Do these most recent writers speak to the events of September 11? Certainly not, if we demand that they be more prescient about terrorist tactics than the CIA and the FBI. But yes, if what we look for is an attentive reading of our own time. Readers of Damascus Gate who trace the affiliations of Osama bin Laden to our own country's intelligence activities during the Soviet-Afghan war will find themselves in a familiar moral landscape. Contemporary terrorism is often anonymous; we are not entirely sure whether the Swiss Air jet that crashed into Peggy's Cove fell victim to mechanical failure, some North Atlantic equivalent of the Bermuda Triangle, or a catastrophic politics. Osama bin Laden rejoices that Allah and a “group of vanguard Muslims” have struck America, and his spokesmen warn us to avoid tall buildings and jet travel; but he still refuses to claim direct responsibility for the terror attacks in the United States. Anthrax sent through the mail kills, but the letters accompanying it are unsigned and make no political arguments. The Pakistani journalist Hamid Mir, hired by bin Laden to write his biography, reports that they quarreled over its title. Osama bin Laden's choice, which Mir rejected, was I Am Not a Terrorist. Doubtless the alternative that bin Laden had in mind was Holy Warrior, but a novelist like Antoine Volodine suggests a bleaker interpretation, that even those who trigger the most destructive events do not imagine that they control their outcomes.

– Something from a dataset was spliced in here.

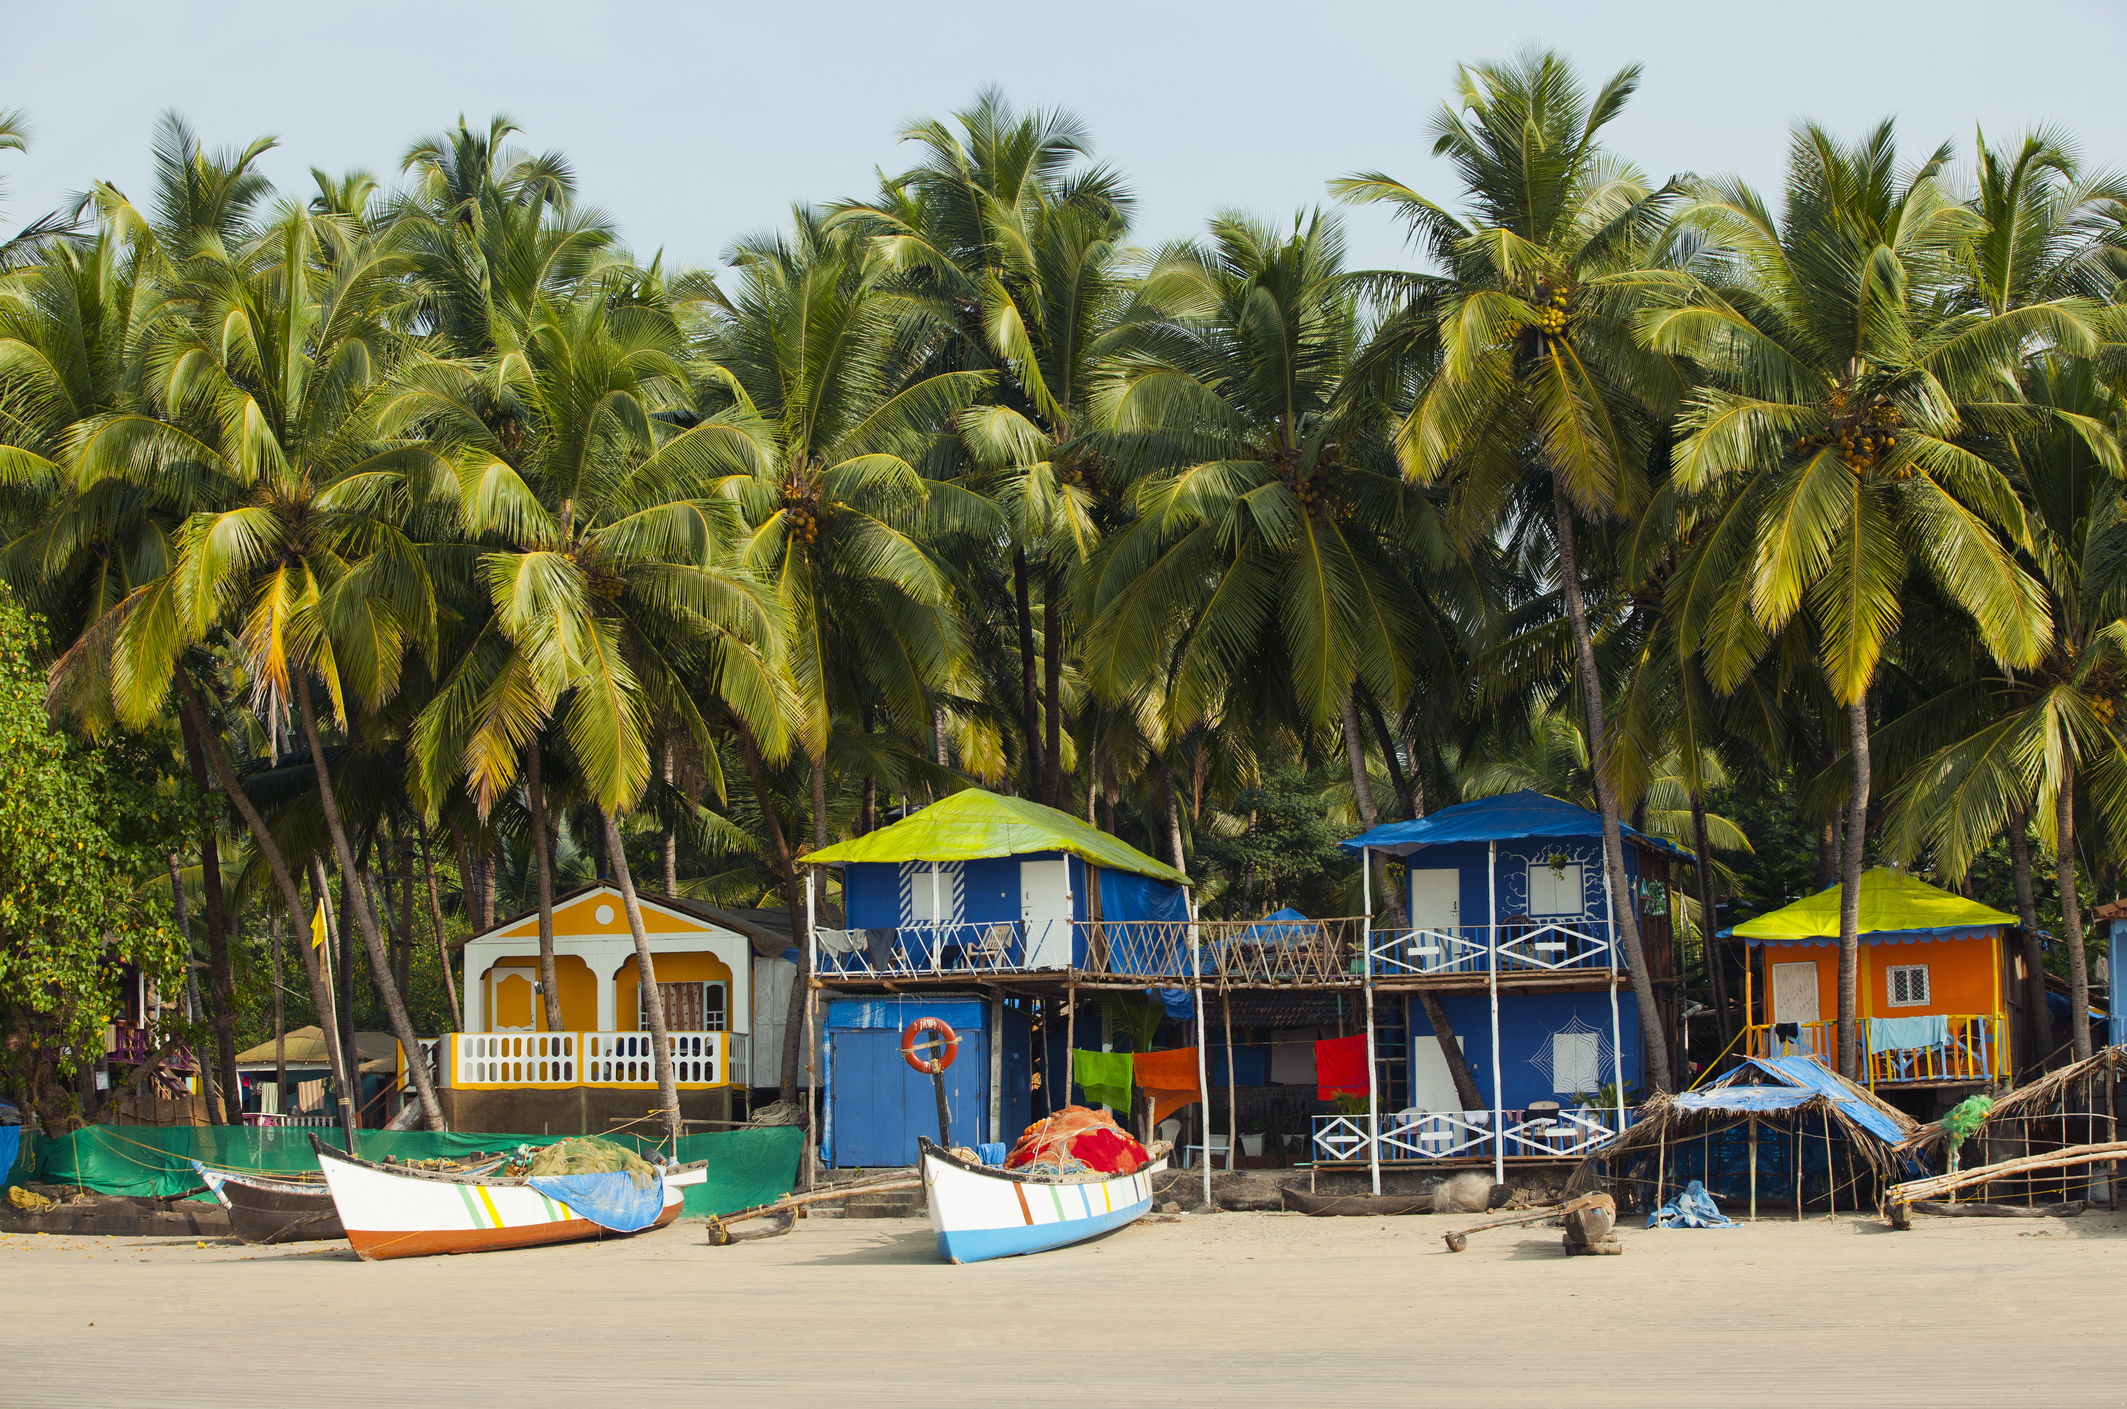 Colorful bungalows on Palolem Beach, Goa

As for solace, our novels have little to offer. Conrad, so eloquent on so many occasions, remarks almost off-handedly in Under Western Eyes, in a paragraph about the “bombs and gallows” of Czarist Russia, that “the anguish of irreparable loss is familiar to us all. There is no life so lonely as to be safe against that experience.” But what these novels offer instead is also crucial: a confirmation that literature speaks to the major issues of our time, looks terror in the eye, measures its human consequences, rejects the simplicities of public rhetoric, and refuses to be consoled. To “cast a cold eye” on a world that is never what we wish for is one accomplishment of the novel. When we have time to reflect on the courage it takes to face even the most domestic truths—about our marriages, for example—we may even find time for that perennially lost illusion, The Age of Innocence.